Brigham and Women's Hospital has developed an oral rehydration protocol that offers other hospitals struggling amid a national shortage of IV bags an evidence-backed solution, a team of Brigham physicians write in a recent article published in the New England Journal of Medicine.
IV bags are one of the most commonly used medical supplies. The bags often are manufactured to contain saline solution, which hospitals use to administer and dilute patient medications.
The United States for months has been experiencing a shortage of small IV bags (50- and 100-mL). That shortage was exacerbated when Hurricane Maria hit Puerto Rico in September 2017, causing damage to many of the commonwealth's medical supply manufacturers. As a result, the shortage now affects both small and large (500- and 1,000-mL) IV bags.
To address the shortage, Brigham asked a team of emergency physicians with international humanitarian aid experience to devise a workaround—and they came up with a new protocol that they said should be used year-round.
The team's oral rehydration protocol was first implemented in the ED and later expanded to the rest of the hospital, according to senior author Stephanie Kayden, chief of the Division of International Emergency Medicine and Humanitarian Programs at Brigham.
Brigham's consists of three key steps. First, clinicians order oral rehydration fluids and appropriate antiemetic or pain control medicines via the patient's EHR.
Next, the EHR directs nurses to provide the patient with a 30-mL cup, a straw, and 1,000 mL of rehydration fluid, with marks denoting every 250 mL. Patients can choose from water or diluted juice, and those with a suspected electrolyte imbalance are offered a flavored electrolyte solution or a diluted sports drink. Patients are directed to drink 30 mL every three to five minutes.
The patient or a family member should time the sips and mark progress on a log sheet. The goal is for the patient to consume 500mL of oral fluids in 50 to 80 minutes and 1,000 mL within 100 minutes to 160 minutes. The authors note that patients who are able to consume 500 to 1,000 mL of liquid in the ED, will most likely be able to safely continue oral rehydration at home.

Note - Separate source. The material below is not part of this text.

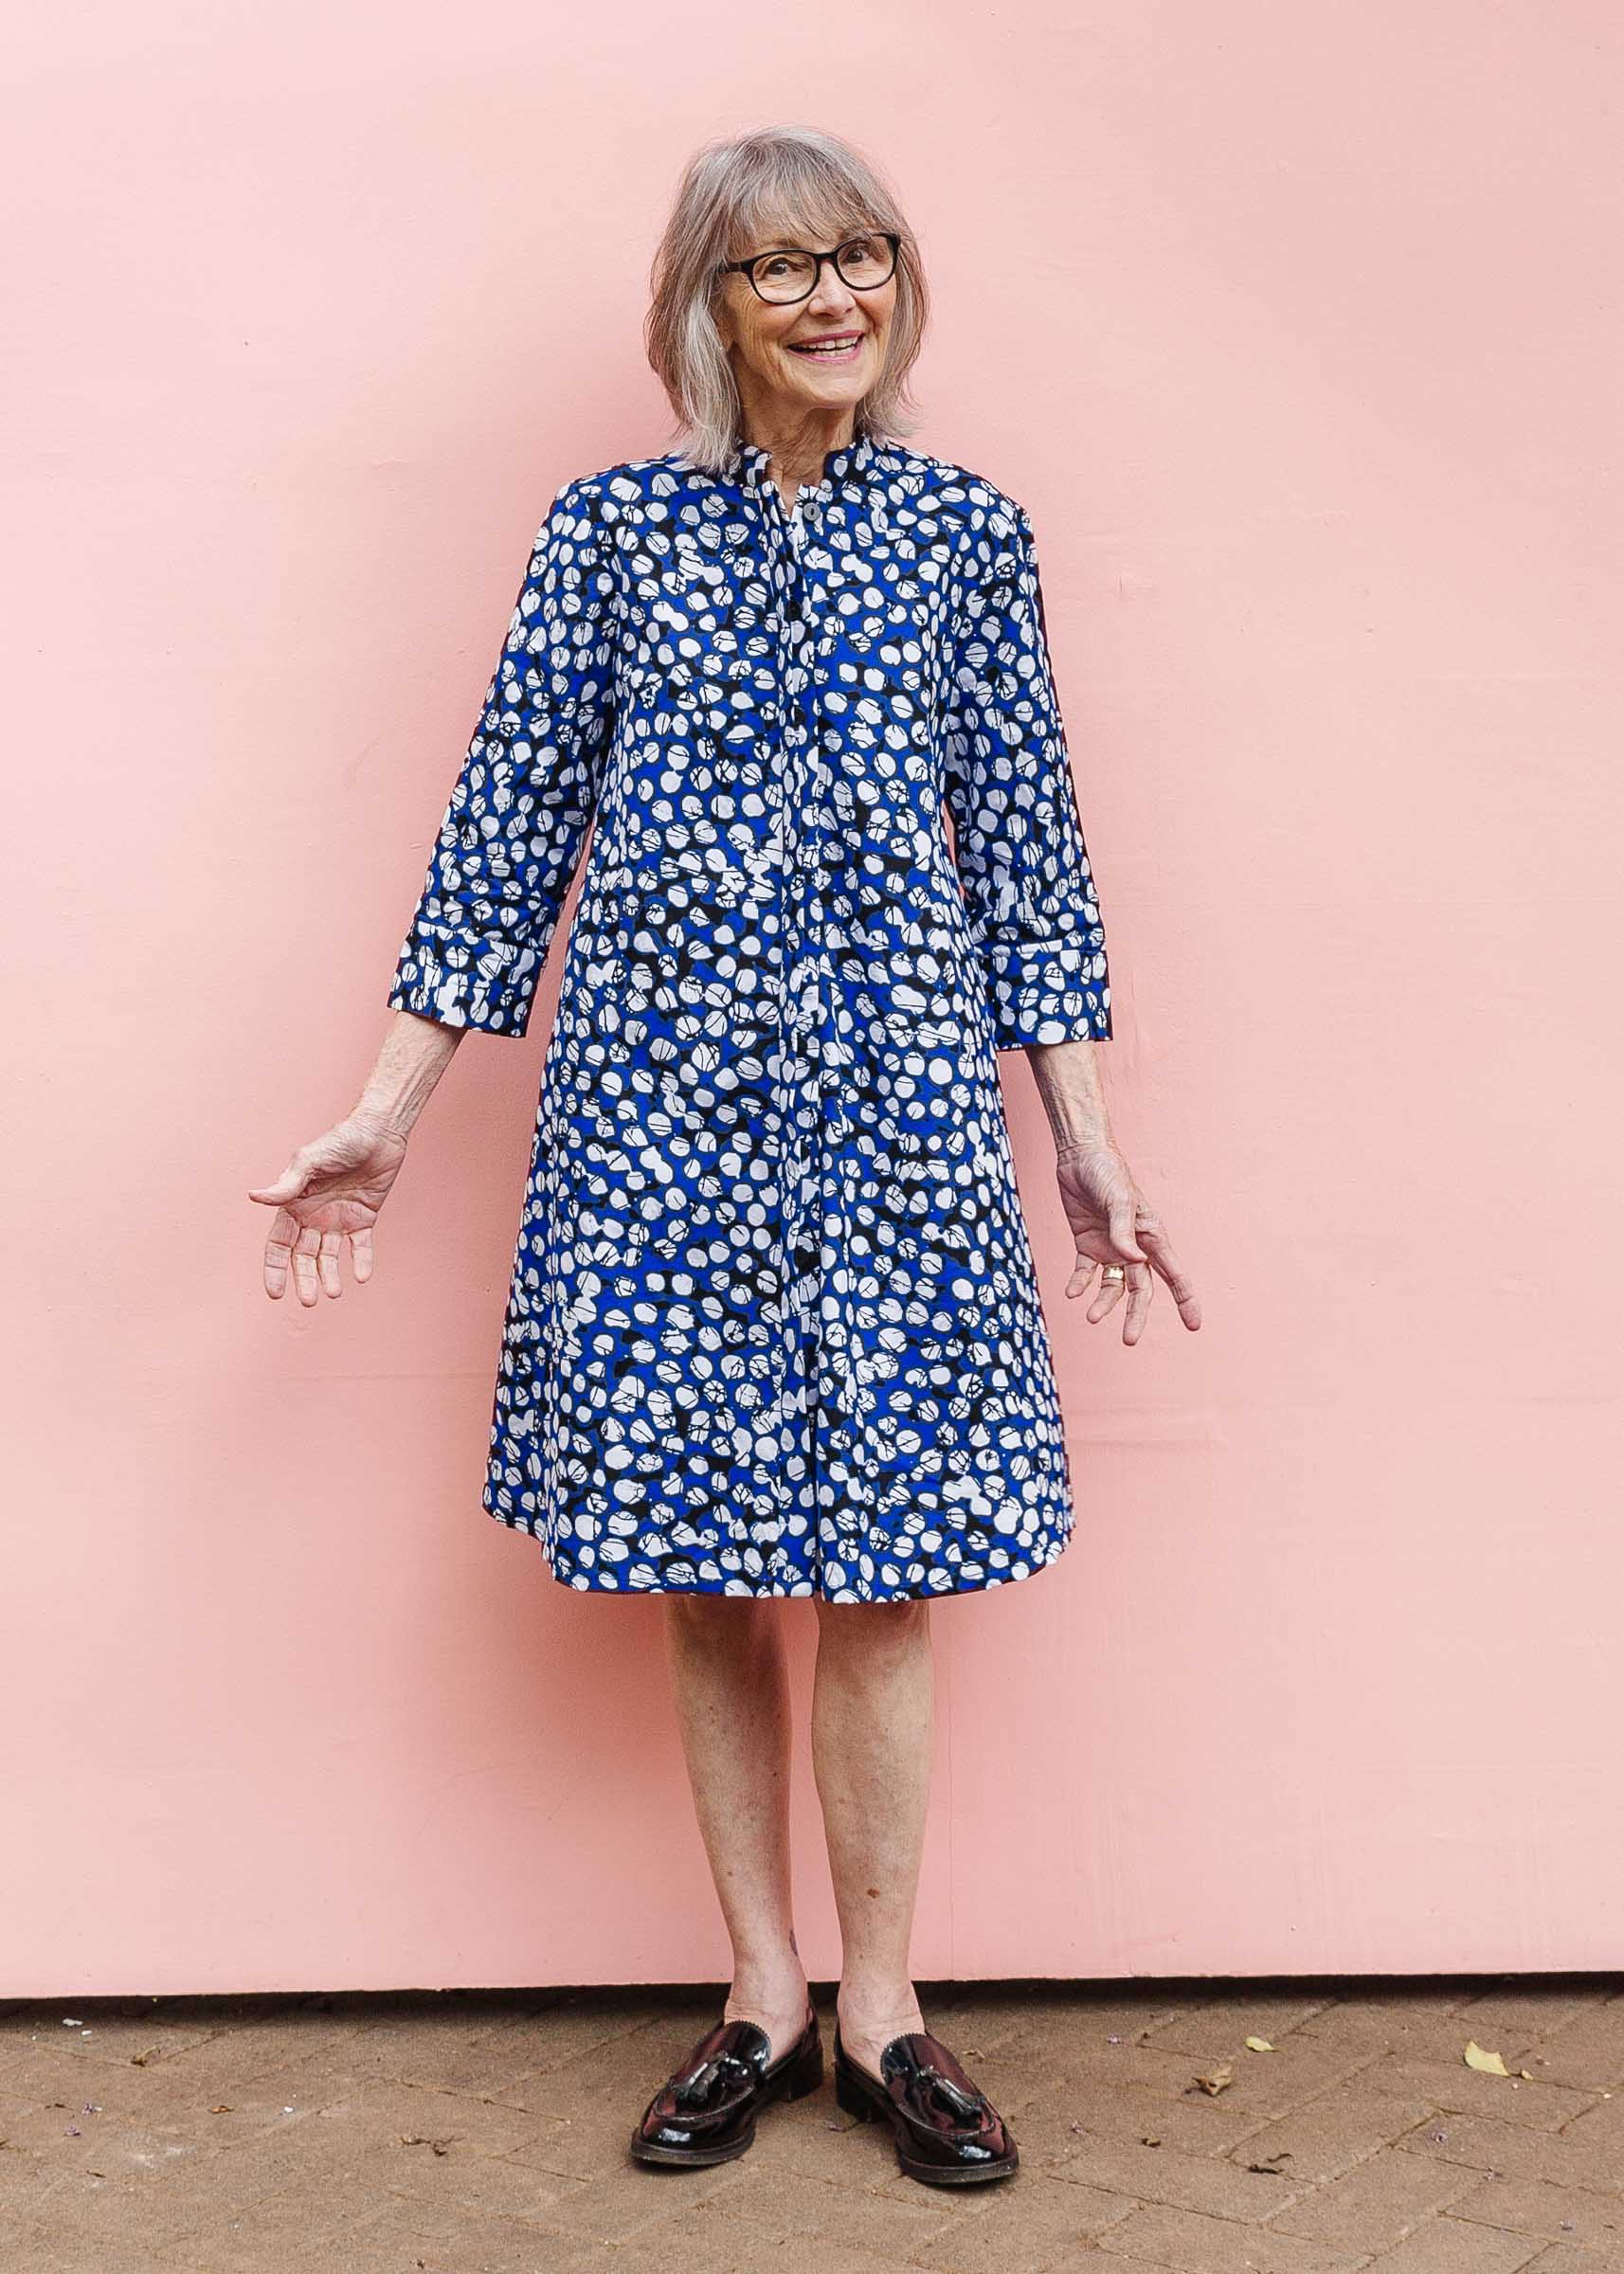 Model wearing blue dress with black and white abstract dots

Brigham's protocol recommends patients who are vomiting consume the liquid more slowly, until they can tolerate it well. A clinician should stop in regularly to offer encouragement, provide additional antiemetics or pain control as needed, and change drinks if the patient does not like the one given.
The third step focuses on troubleshooting any problems that may arise and re-evaluating to ensure that oral rehydration is sufficient.
The authors said the protocol should only be used for patients with mild dehydration due to diarrhea, vomiting, morning sickness, and similar problems. It is not intended for patients with major electrolyte imbalances, such as due to kidney disease, or those with moderate or severe dehydration.
The authors wrote, "As with IV strategies, clinical judgment must be used when choosing oral hydration in patients with coexisting conditions such as renal disease, diabetes, or heart failure."
Brigham piloted the protocol in its ED and quickly adopted it throughout the hospital. But the implementation required a lot of messaging and education to change how clinicians approach rehydration.
Unlike some less developed nations, the United States has "a culture that supports use of IV fluids even though the data show that, in many cases, oral rehydration and IV rehydration are equivalent in benefit," Kayden said.
Hospital leaders also worked to ensure providers were comfortable engaging patients in their care.
Kayden said, "It's something relatively new to have the patient or family be so involved in the care, and I think the newest and possibly hardest part was to get folks to interact in that way."
A model for other hospitals
While oral rehydration may take longer and require more patient participation, Kayden said in many ways it is "a better solution for patient care," as it eliminates the need of a painful IV catheter.
"It's not for all patients, but it would definitely work in all hospitals. It's actually easy to do and can be very broadly applied," Kayden said (Haelle, Medscape, 3/22; Knowles, Becker's Hospital Review, 3/23; Patiño et al., New England Journal of Medicine, 3/21).